113 00:09:10,057 –> 00:09:13,029 So lets hit enter and there you see our x.
114 00:09:13,457 –> 00:09:18,607 and this vector x is now what we can put into the histogram function as an argument.
115 00:09:18,807 –> 00:09:25,498 This is not so complicated. We choose the histogram function and then we put in “, " and “breaks”
116 00:09:26,171 –> 00:09:29,522 and then these breaks should be equal to our vector x.
117 00:09:30,214 –> 00:09:33,173 and there you can see, this is what comes out.
118 00:09:33,373 –> 00:09:36,795 So maybe lets repeat it to see immediately what can change.
119 00:09:37,600 –> 00:09:43,769 So it’s almost the same.
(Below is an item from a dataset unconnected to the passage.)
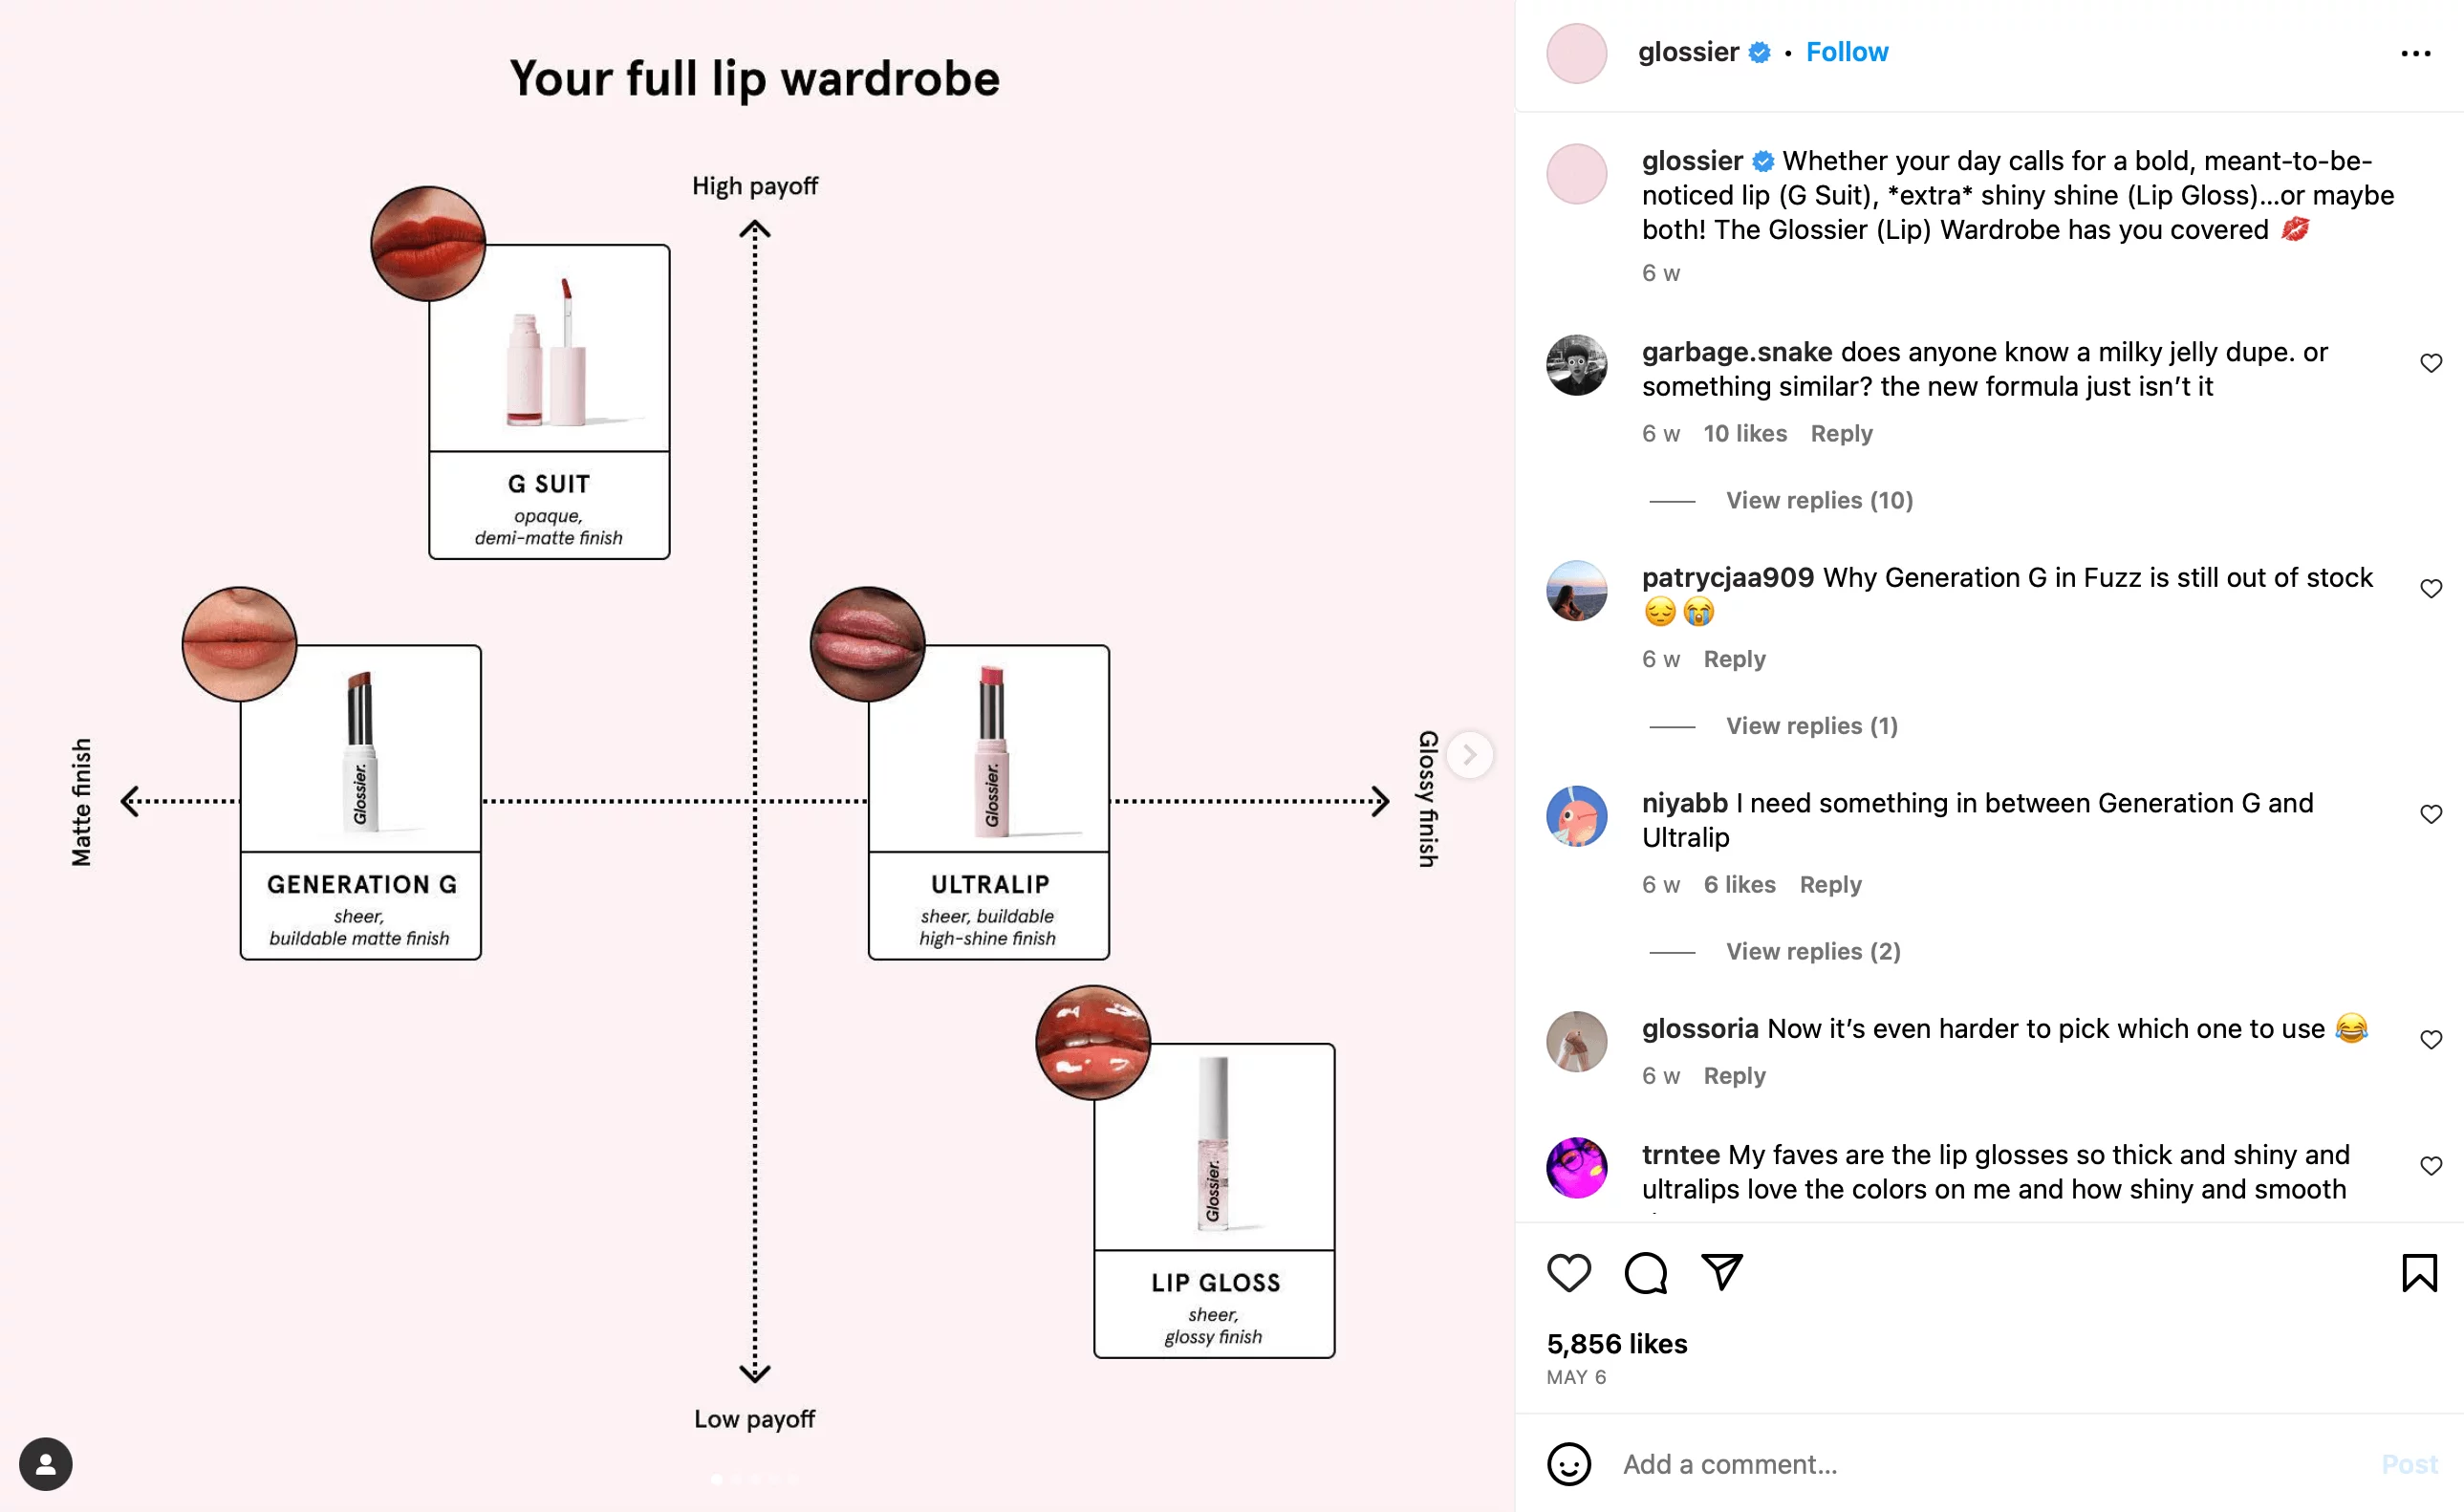 @glossier IG post with a visual representation of various lip products on a light pink background, arranged on two axes: from matte to glossy finish and from low towards high payoff.

We have the same behaviour. 2 is very unlikely, but 5 is more likely.
120 00:09:44,486 –> 00:09:48,570 Hence maybe we need to be more precise. Lets go to 2000 repetitions.
121 00:09:48,929 –> 00:09:51,310 and there we get this histogram.
122 00:09:51,929 –> 00:09:56,154 and then i want to repeat it again and again. To see that we are very much stable here.
123 00:09:56,971 –> 00:10:02,154 So what you should see here is, that for this example the highest probability is at 4.
124 00:10:02,354 –> 00:10:05,990 and the lowest is at 2. So we don’t have a symmetric distribution.
125 00:10:06,686 –> 00:10:14,159 This is the case, because we take out a lot of balls compared to the number of balls of each kind inside the urn.
126 00:10:14,359 –> 00:10:17,486 Therefore i would suggest, play around with these numbers
127 00:10:17,487 –> 00:10:21,743 and compare the result with the binomial distribution, we have already discussed.
128 00:10:22,186 –> 00:10:26,555 Ok, then i think it’s good enough for today and i hope i see you in the next video.
129 00:10:27,043 –> 00:10:28,843 Have a nice day. Bye!